### Action item:
After locating the line with "1990s Etirel Shortsleeve" in the entries below, output it and each following line up to and including the line with "Pachet Bakugan Evolutions, 2", exactly and without pictures.

### Record excerpts:
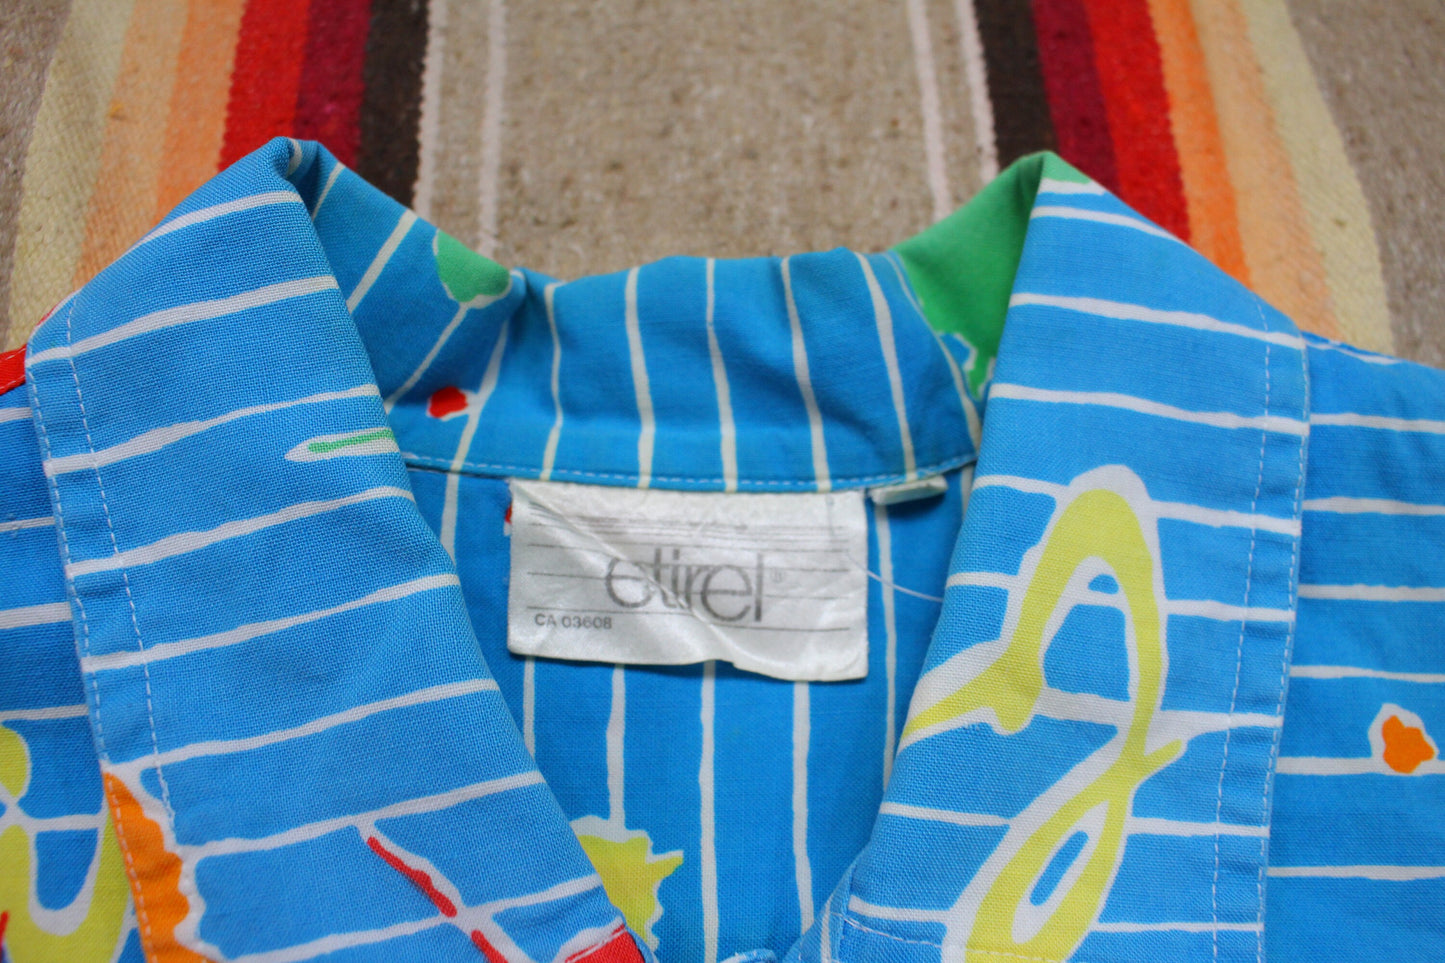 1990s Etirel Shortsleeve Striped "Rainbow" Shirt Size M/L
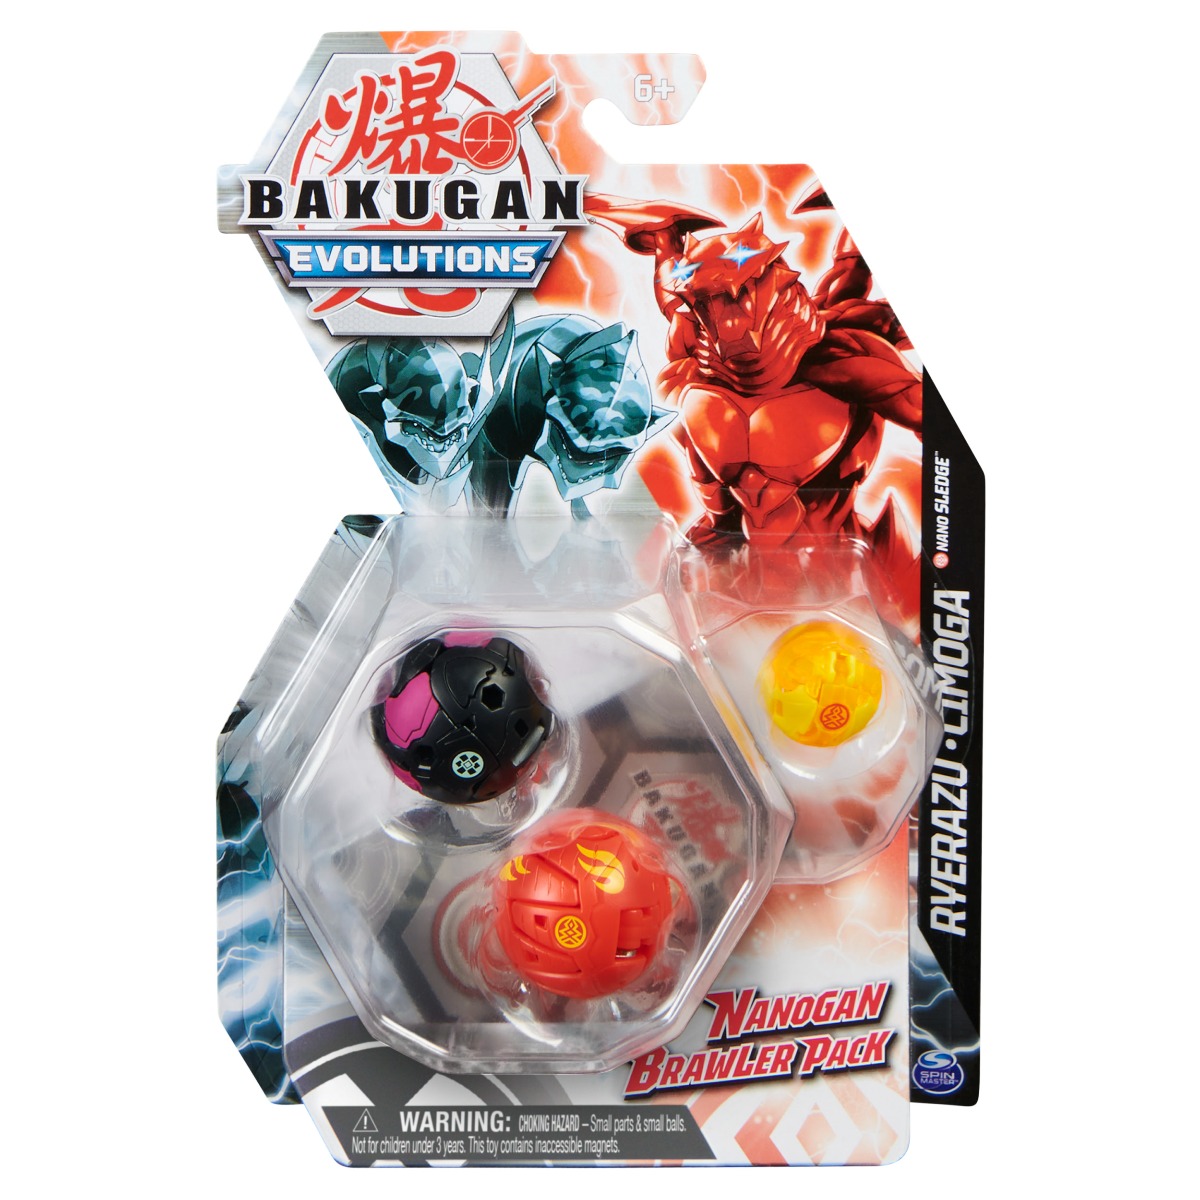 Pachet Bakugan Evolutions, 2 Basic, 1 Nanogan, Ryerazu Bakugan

--

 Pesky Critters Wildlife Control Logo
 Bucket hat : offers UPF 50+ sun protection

### Exercise result:
 1990s Etirel Shortsleeve Striped "Rainbow" Shirt Size M/L
 Pachet Bakugan Evolutions, 2 Basic, 1 Nanogan, Ryerazu Bakugan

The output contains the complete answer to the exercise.